Folha de S. Paulo


Violência agrava divisão de Jerusalém entre israelenses e palestinos

"Jerusalém, completa e unificada, é a capital de Israel". A frase, parte da Lei Básica de Jerusalém, aprovada pelo Knesset (o Parlamento) em 1980, é quase um mantra para muitos israelenses.

A cidade milenar, sagrada para judeus, muçulmanos e cristãos, seria "eternamente indivisível", não retornaria à situação de antes da Guerra dos Seis Dias (1967), quando muros e cercas de arame farpado passavam no meio dela, dividindo-a entre a parte judaica, controlada por Israel, e a árabe, pela Jordânia.

Há duas semanas, no entanto, a polícia israelense começou a cercar bairros de Jerusalém, espalhando blocos de concreto nos acessos.

Policiais foram deslocados para postos de controle improvisados, na tentativa de estancar uma onda de ataques, especialmente a facadas, de moradores desses bairros contra israelenses.

Desde meados de setembro, 11 israelenses morreram em ataques palestinos, que se intensificaram em outubro. Cerca de 50 palestinos também foram mortos –metade deles enquanto cometiam atentados, e os outros alvejados por soldados israelenses em protestos na Cisjordânia e na faixa de Gaza.

Neste sábado (31), forças de segurança de Israel mataram a tiros um palestino que correu em sua direção com uma faca na Cisjordânia.

Editoria de Arte/Folhapress

"HUMILHANTE"

"É humilhante", diz sobre as barreiras o palestino Muhammad Abu Hummus, que agora precisa esperar em filas demoradas para entrar e sair do bairro, além de passar por revistas às vezes corporais.

Ele afirma que, ao anoitecer, há patrulhas do Exército que, por vezes, borrifam gás lacrimejante ou com cheiro de esgoto nas ruas para inibir a circulação de jovens.

Mas muitos se perguntam se essas medidas não esboçam, na verdade, uma fronteira "de facto" quase meio século depois, separando a parte judaica (Ocidental) e a árabe (Oriental) da cidade.

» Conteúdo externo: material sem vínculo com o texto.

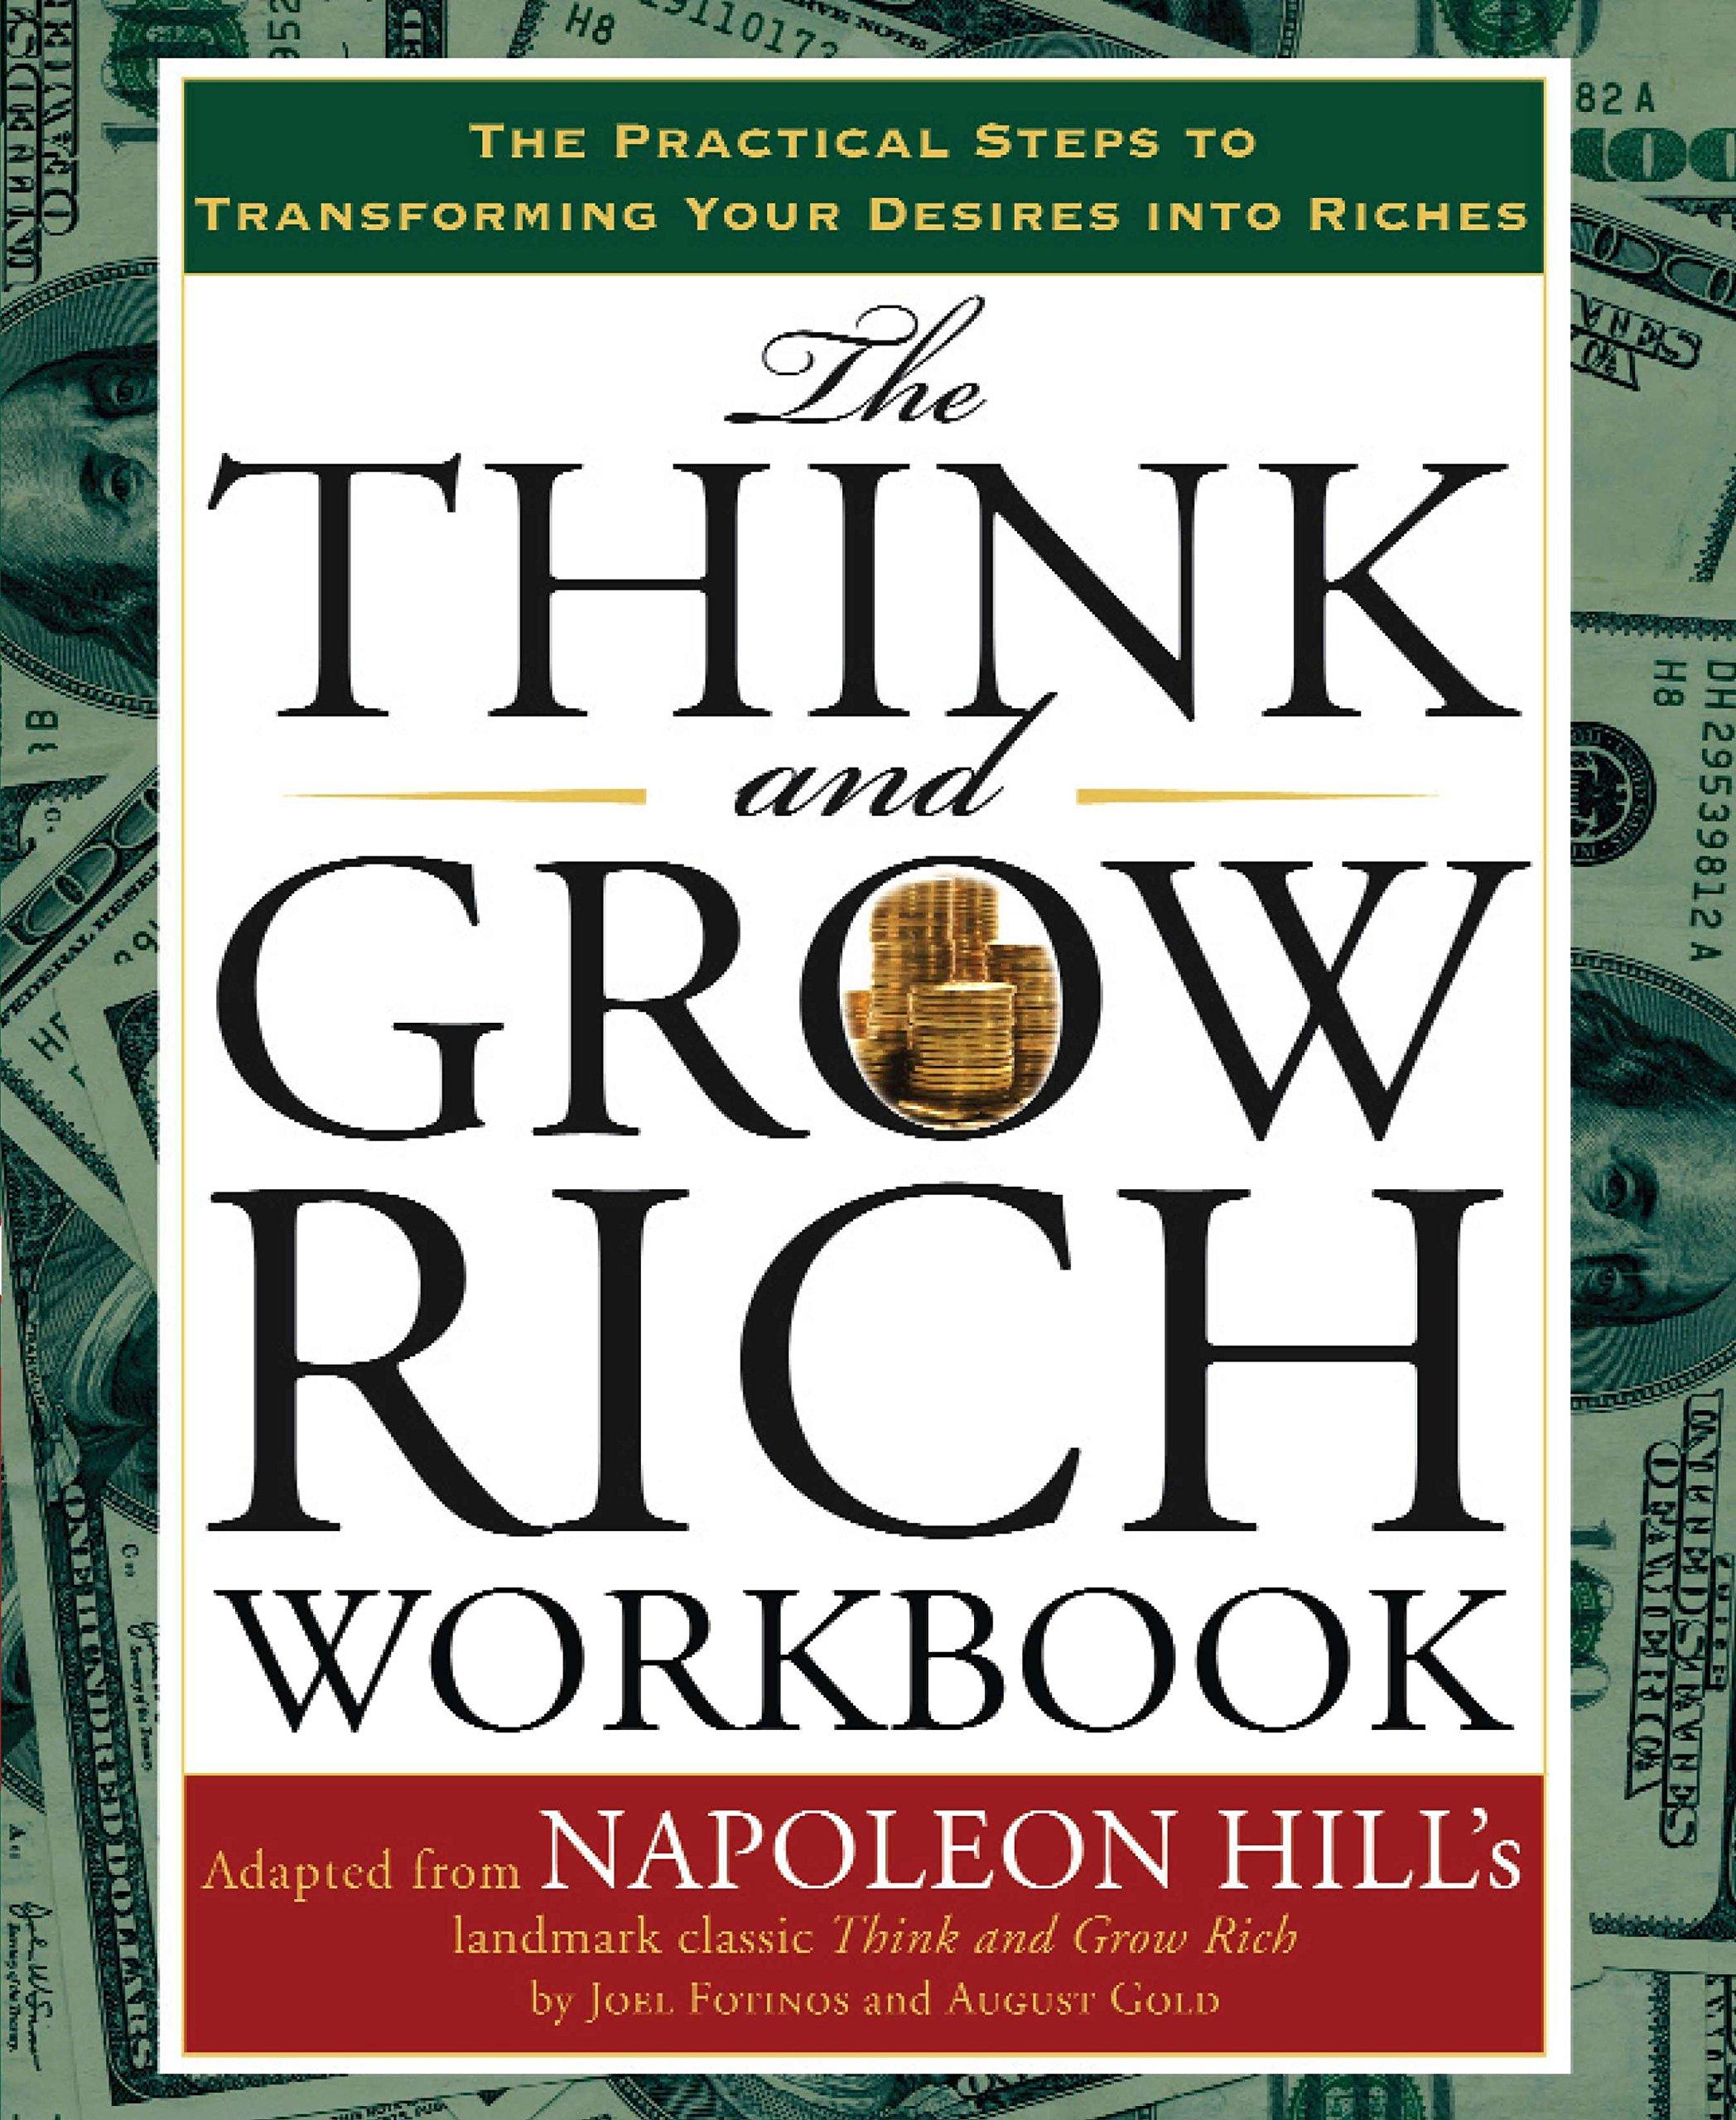 The Think And Grow Rich Workbook The Practical Steps To Transforming Your Desires Into Riches

"A medida não tem significado político. É só um aspecto de nossas medidas de segurança", diz o porta-voz do ministério do Exterior de Israel, Emmanuel Nachshon.

Mas o próprio premiê, Binyamin Netanyahu, parece ter se dado conta do significado das muretas e ordenou que elas fossem retiradas. O cerco com blocos de cimento e os postos policiais eventuais, no entanto, continuam.

A "unificação" de Jerusalém (para os palestinos, "ocupação") visou anexar a Cidade Velha, 1 km² onde ficam os principais locais santos para cristãos, muçulmanos e judeus. Até 1967, os jordanianos proibiam judeus de visitar o Muro das Lamentações, seu sítio mais venerado.

Mas, além da Cidade Velha, Israel anexou 28 aldeias palestinas (70 km²), triplicando a área municipal. Aos 310 mil moradores palestinos foi oferecida cidadania, e a maioria só aceitou ser "residente fixo".

Aos poucos, Israel construiu novos bairros judaicos na parte oriental, considerados assentamentos pela comunidade internacional.

Segundo pesquisa feita pelo Knesset, 50% dos israelenses estariam dispostos a ver Jerusalém menor, sem os bairros palestinos. Para Sima Kadmon, do jornal "Yedioth Ahronoth", é preciso "admitir que Jerusalém nunca foi e nunca será unificada".

Apesar de israelenses e palestinos conviverem em shoppings, praças e outros locais públicos em Jerusalém, os povos quase não se misturam.

Antes da atual crise, havia um clima de coexistência em alguns bairros. Liron Deri, subprefeito de Jerusalém, diz que os jovens conviviam pacificamente. "Centros comunitários dos dois lados promoviam encontros conjuntos semanais. Ninguém quer cercas ou muros em Jerusalém."

Neste sábado, cerca de 50 mil israelenses participaram da homenagem ao ex-premiê Yitzhak Rabin em Tel Aviv. Ele foi assassinado há 20 anos por um radical judeu contrário à solução dos dois Estados do acordo de Oslo, motivo pelo qual Rabin recebeu o Prêmio Nobel da Paz.